何故?働く事を嫌なモノとして、働く事を嫌いになる様な文脈を創っているんだろうか?
「成長出来る会社? なら、研修制度がしっかりしている会社かな……」と答えても、何ら非はない。そう教えられて来たんだから、それが真実だと真に受けているだけで、ただ純粋なんやと思う。
転職したい」は逃げである
ところで、この「成長出来る要素」も、少しずつ変わってきた。今は外部の協力パートナーというかメンターというか、社内では聞けない話を聞いてくれる、「社外の味方」的な存在が必要とされる時代である。
いずれにせよ、相手に成長させてもらう事を期待していては、成長出来ない様に思う。
オーナー社長であれば、会社というのは、ほぼほぼ人生そのものだ。特に株を100パーセント保有しているのであれば、会社と自分の人生がイコールになる。経営者の自己実現は会社の目標の実現と一致するから、経営者が目指すのは会社の目標となる。

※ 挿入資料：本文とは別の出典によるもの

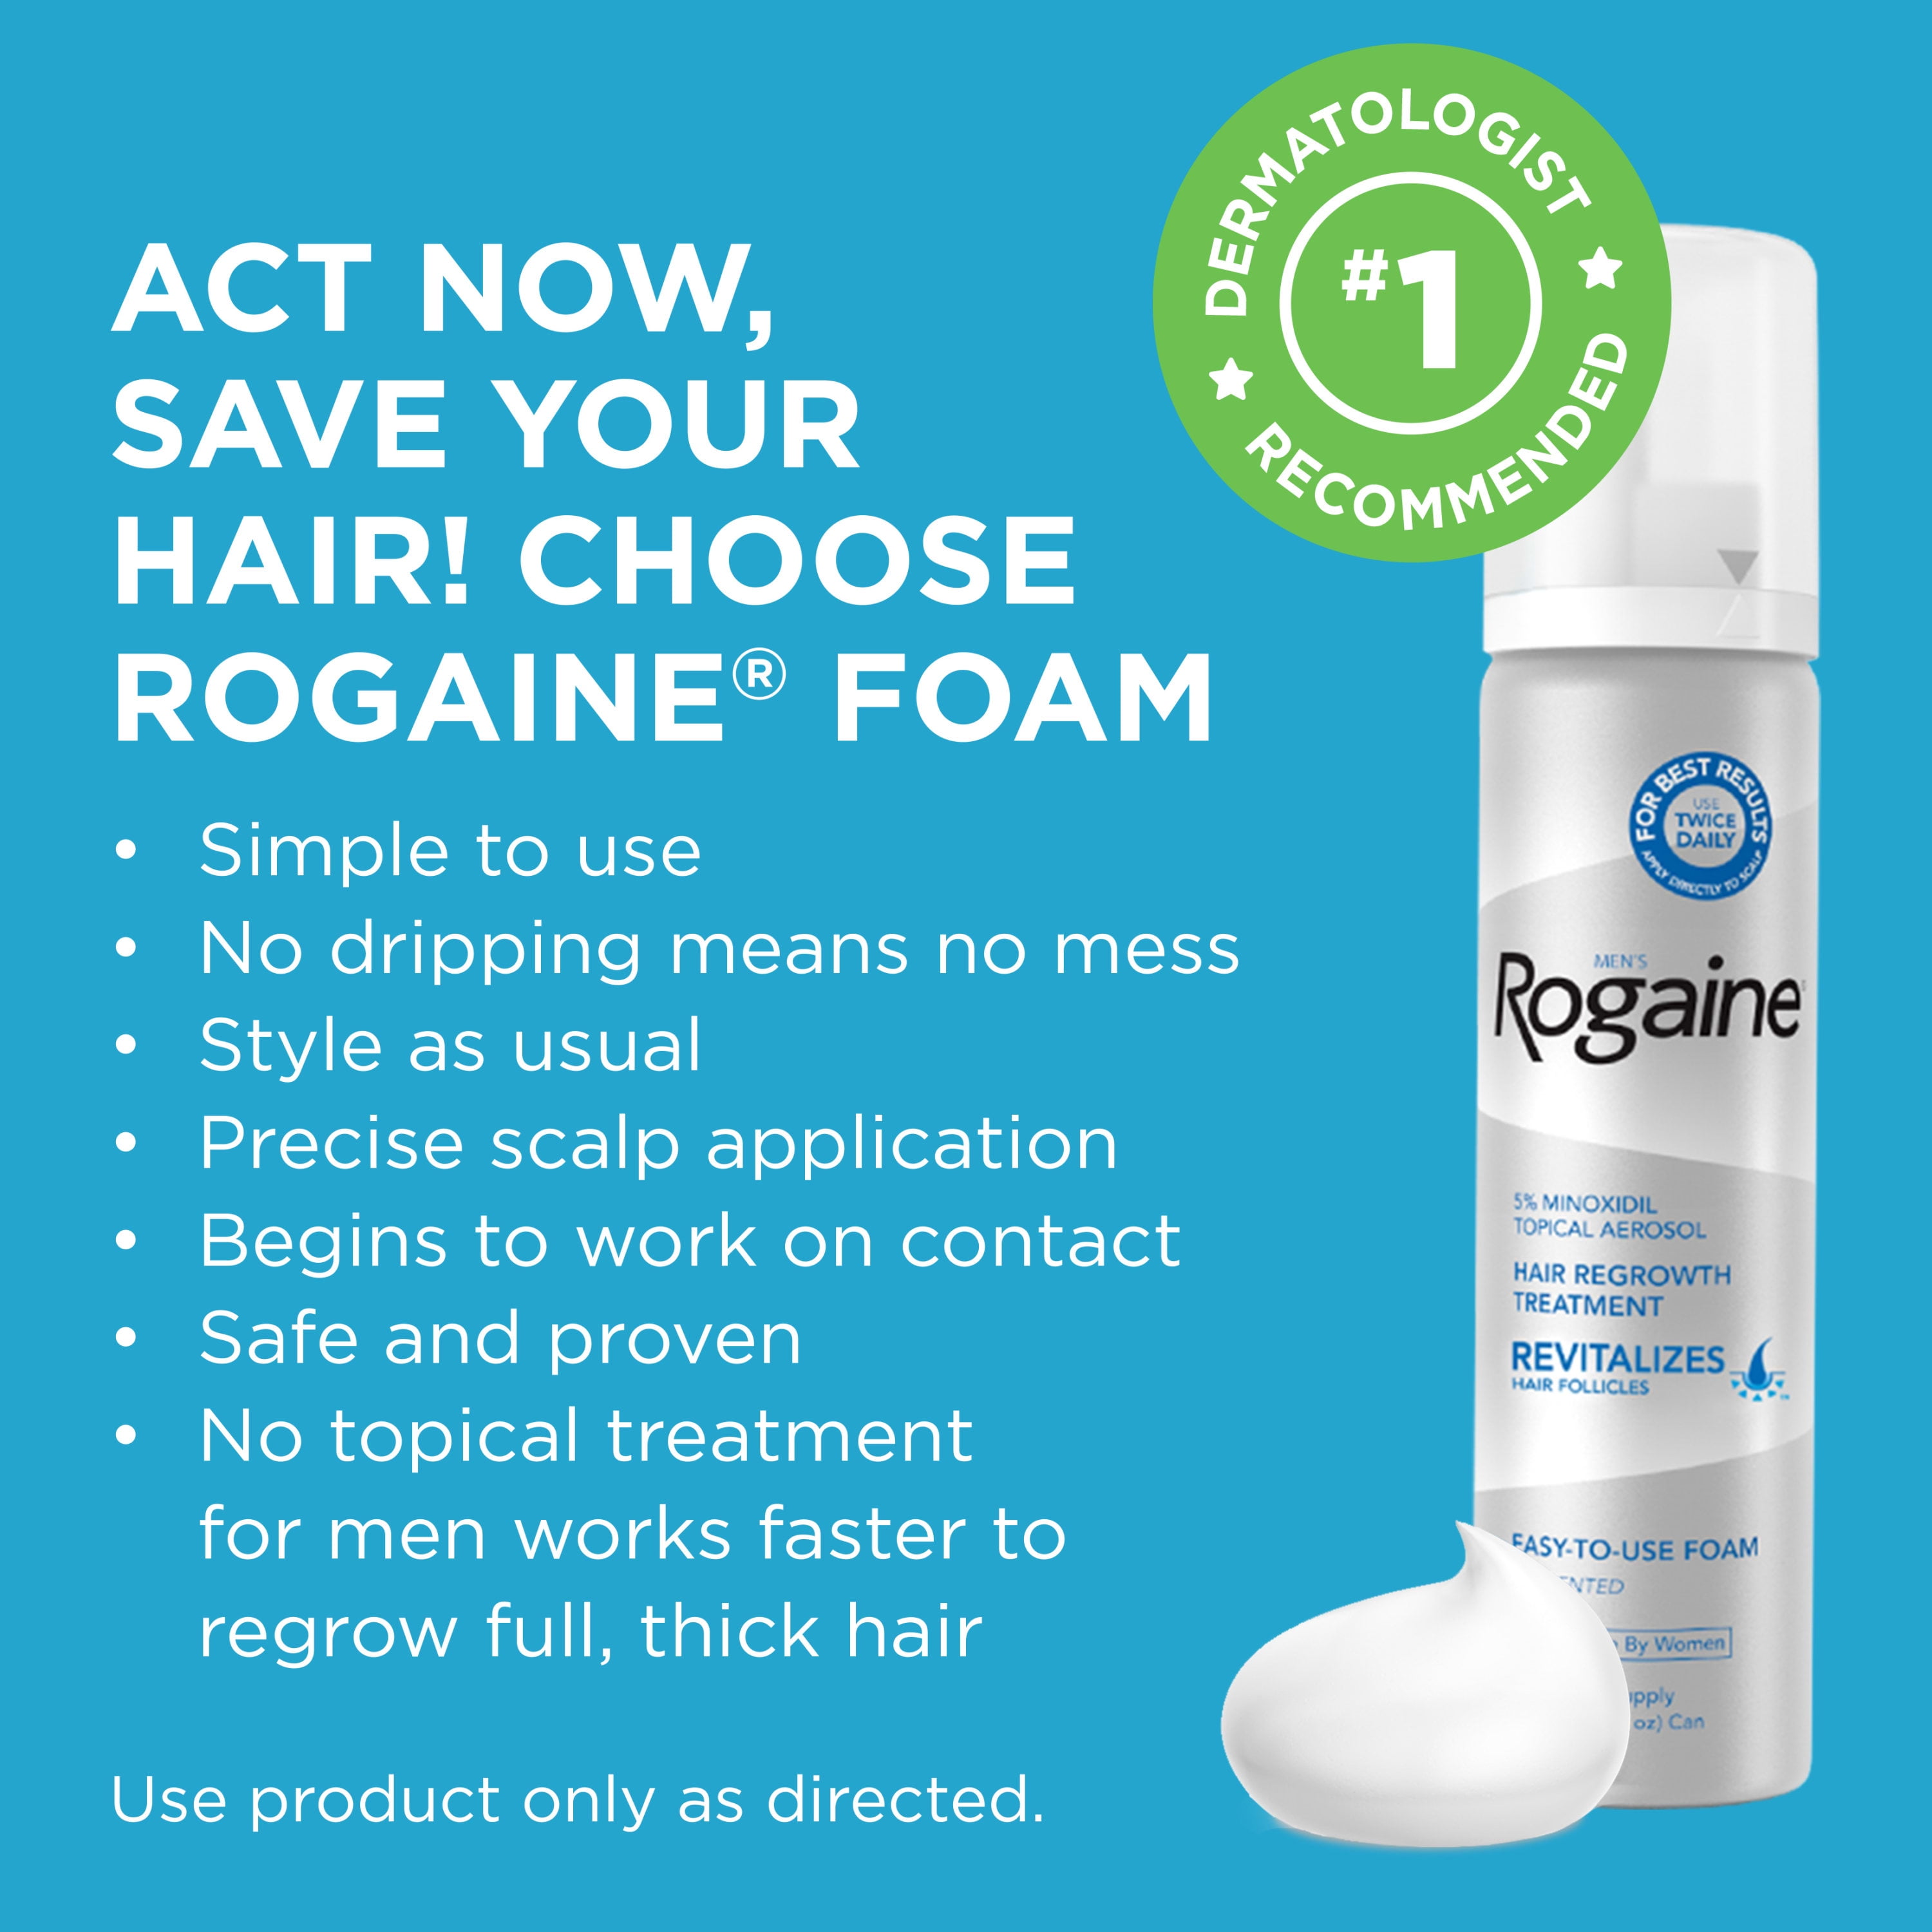 genvinde fra nu af Professor Men's Rogaine 5% Minoxidil Foam for Hair Regrowth, 3-month Supply -  Walmart.com

経営者でなくても、会社に対してロイヤリティが高い人は会社の事を考えるが、そうでない人は基本的に自分の事しか考えていない。スキルアップの為に転職する人もいるだろうし、その場所としての職業選択かもしれない(僕の会社はエグゼクティブクラスのキャリアコンサルティングをしているので、そういう人こそそうではない)。
「成長したい」
「成長の為に、スキルを身につける為に転職したい」
――そう考える人もいるが、それは逃げである事が多い。だって、どんな会社でもやる事は、ほぼほぼ一緒なんだから。ヒト・モノ・カネ――それに情報を使って、事業を成長させる方法を考える。
「出来ない事を出来る様になりたい!」というのなら、スキルを身につけるのもアリだろう。でも、それでは会社の年商は上がらない。ビジネス界で成長している人は、そういう考え方はしない。